No one has been engaged in serving GraceMed longer than Kerin Smith and her husband, Jim. She worked as a nurse from 1992 to 1995, then served on the Board of Directors and finally founded the GraceMed Guild — a group of volunteers for GraceMed— where she continues to serve today.

How and when did you first got involved with GraceMed?

Sandra Parker Lyon
Former Executive Director Sandra Parker Lyon

The first one I would mention was Sandra Parker Lyon, who was our executive director at the time. She had been with the clinic for a long time, ever since they had first established it, I think. She stayed with us through the transition to United Methodist Health Clinic. She made a big contribution to the growth of the clinic.

Another person was Dr. Jana Nisly who was working there when I came. She was our medical director, and she just had a nice manner with the patients and the families and really a good spirit to work with people. We were getting a lot of Hispanic families in at that time and Dr. Nisly spoke Spanish. All of us learned a little bit of it. She went on to be a missionary in El Salvador where she still lives.
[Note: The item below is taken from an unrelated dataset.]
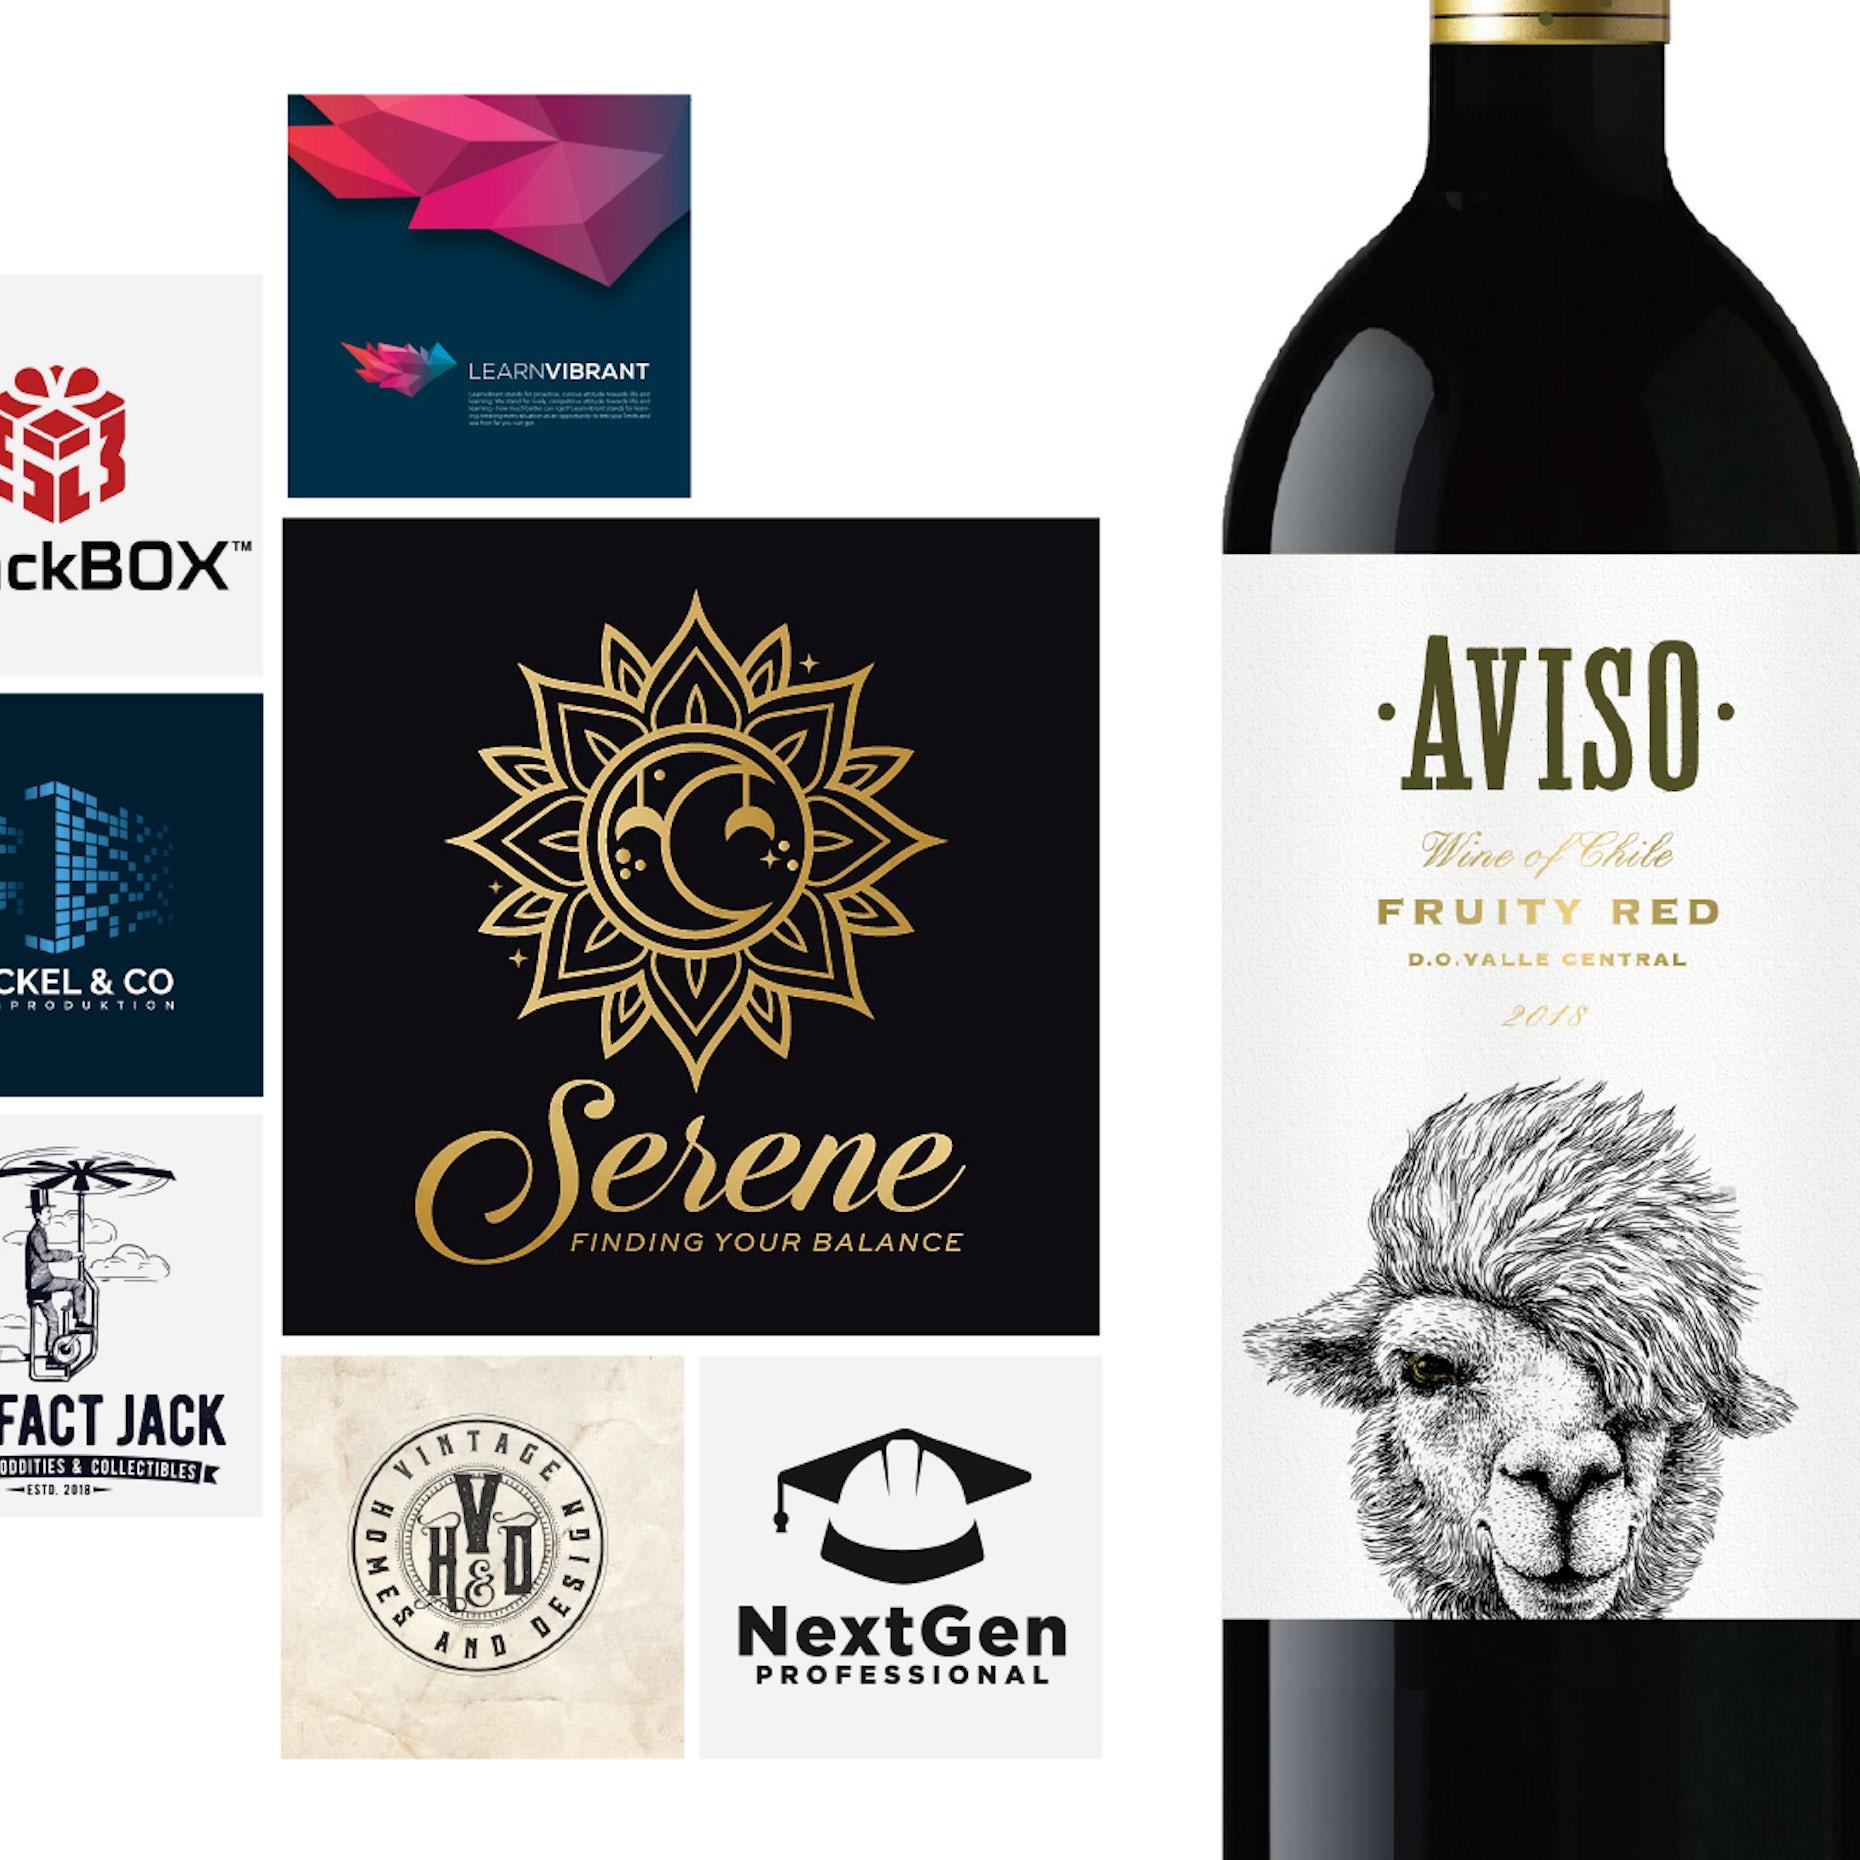 79413c09651 10 creative branding trends for 2019 - 99designs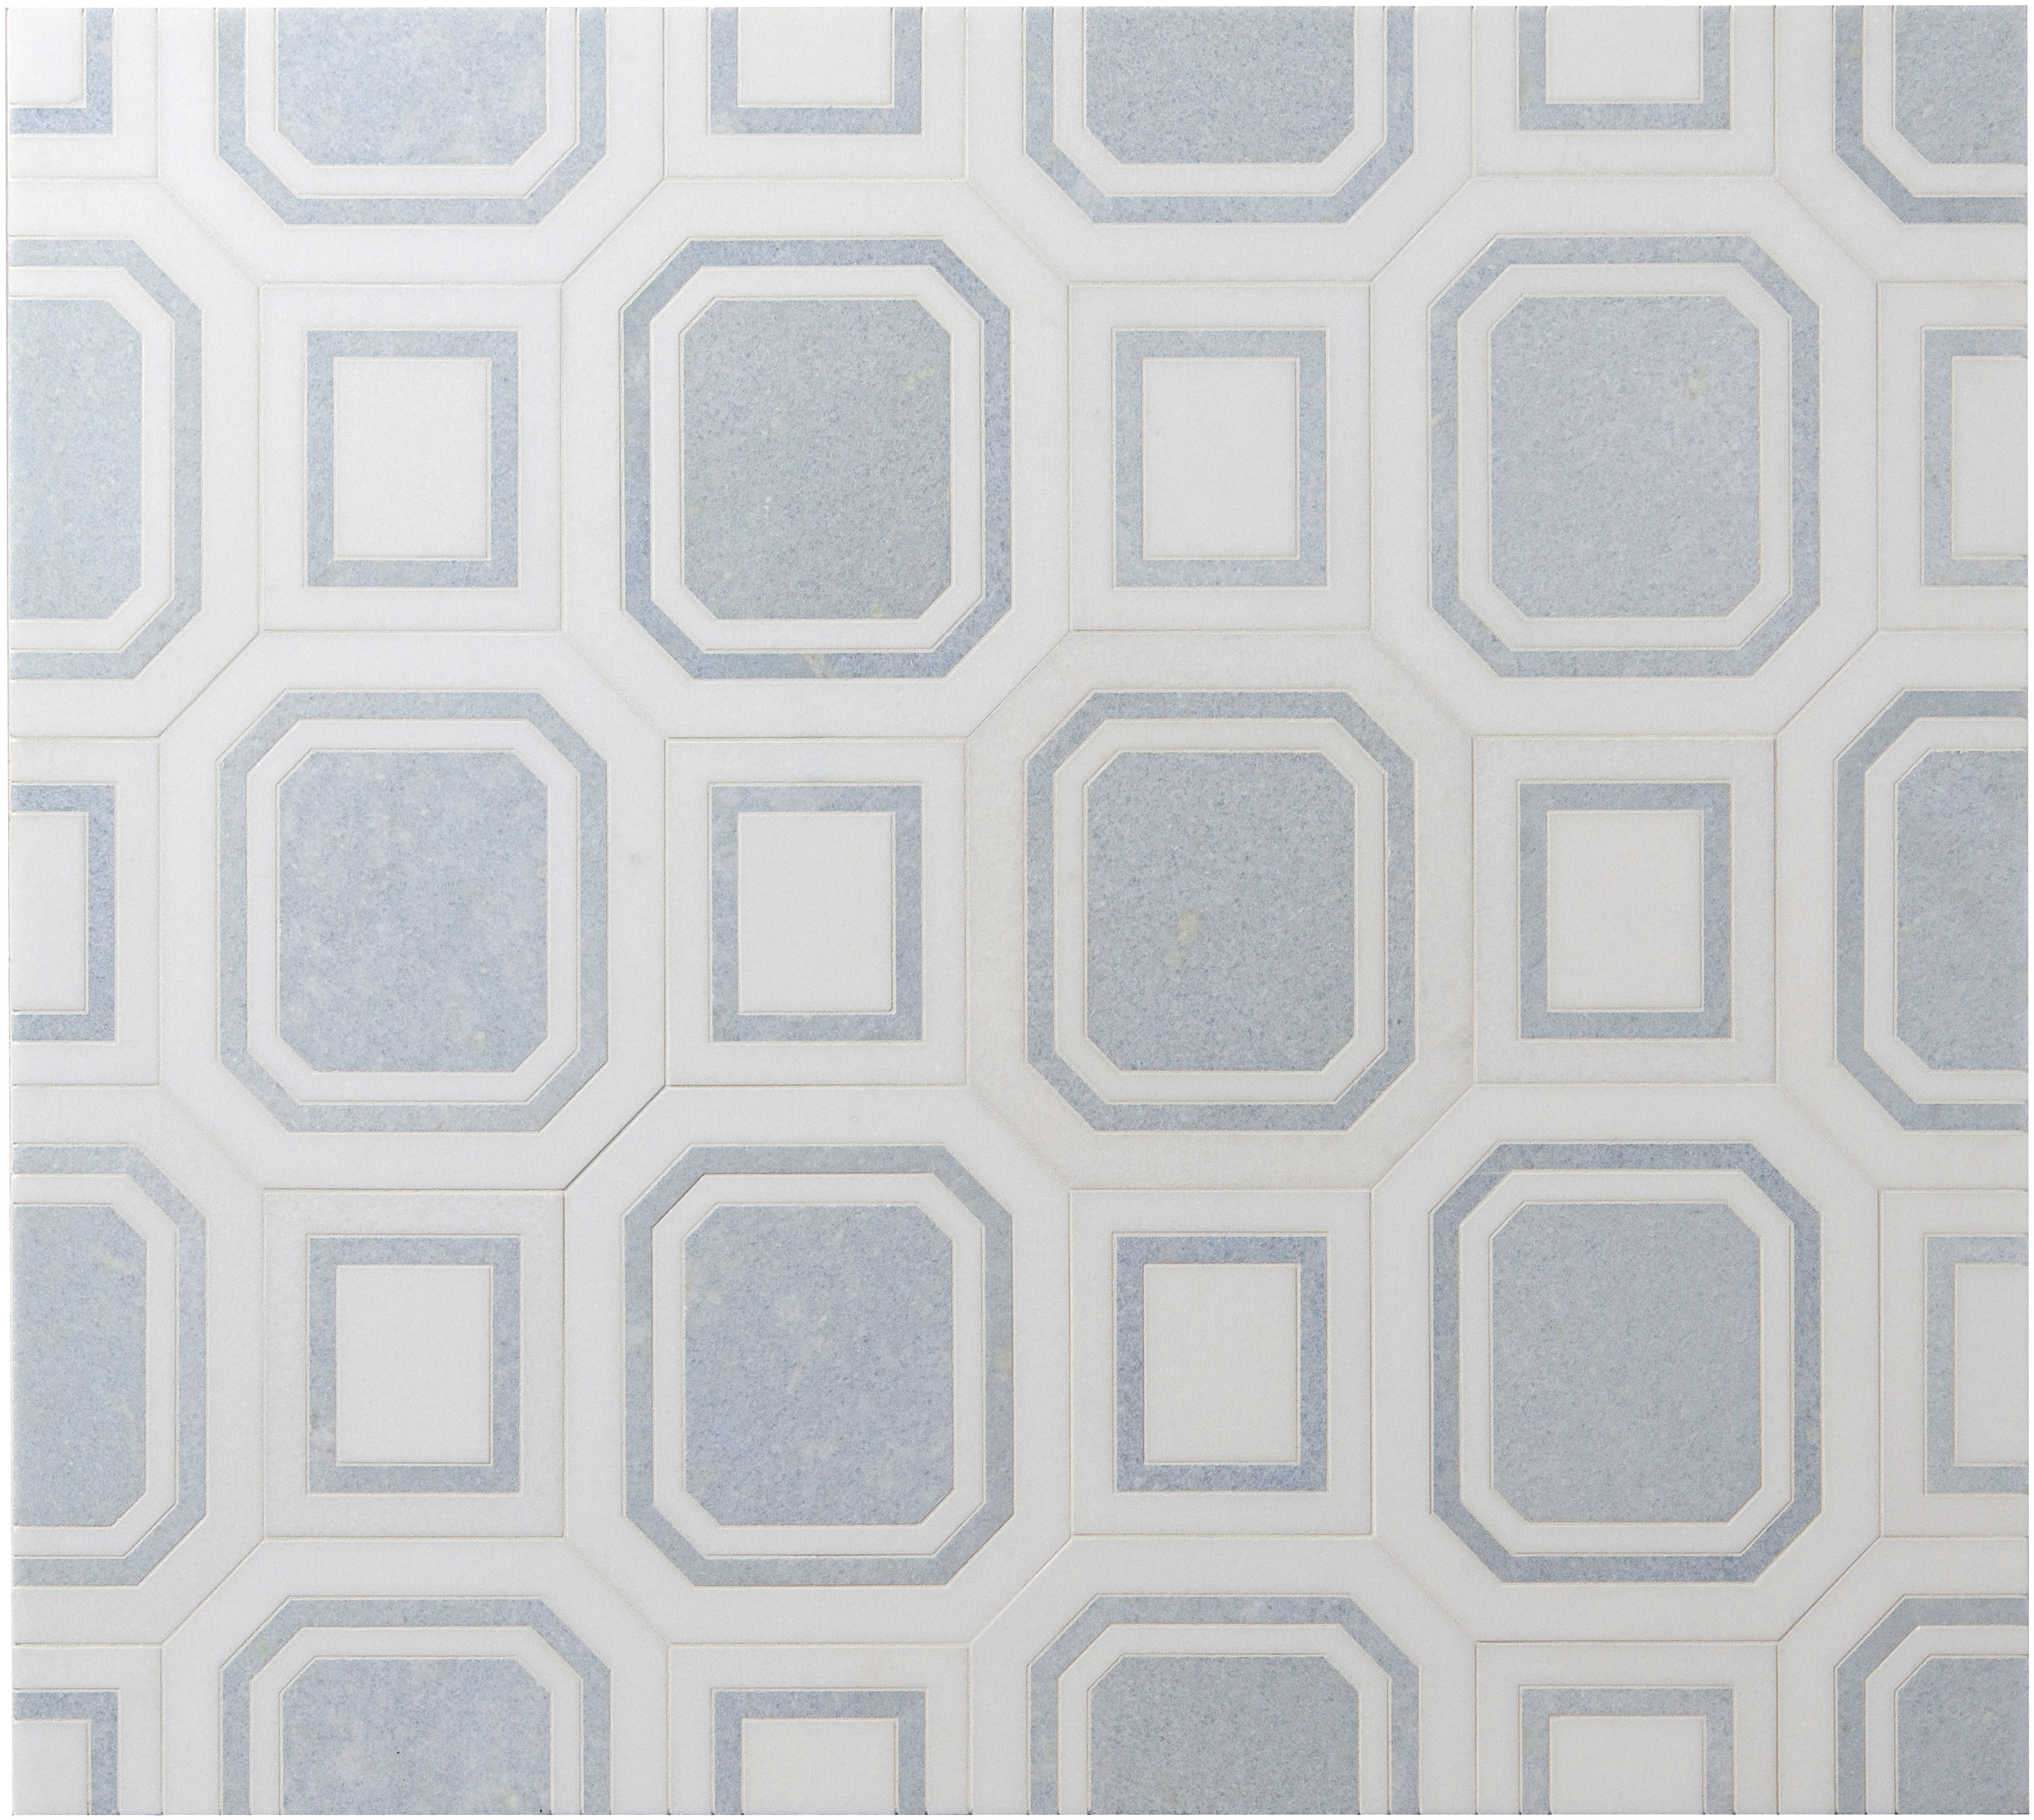 Scale Moderne Design.Interior Designer Michael Berman And Walker Zanger Debut New

What were some of the early challenges you faced and how did you deal with them?
The rise of the HIV epidemic triggered OSHA to set up safety standards in the workplace. So we tried to get those standards set up for the clinic as well. When I first went to work, someone handed me a card file and told me these are your policies and procedures for the clinic. What was in it were some cards that told me where to order supplies. I didn’t think that was really what we needed, so during the time that I was there, I wrote the policies and procedures for the clinic, and we got our OSHA standards set up.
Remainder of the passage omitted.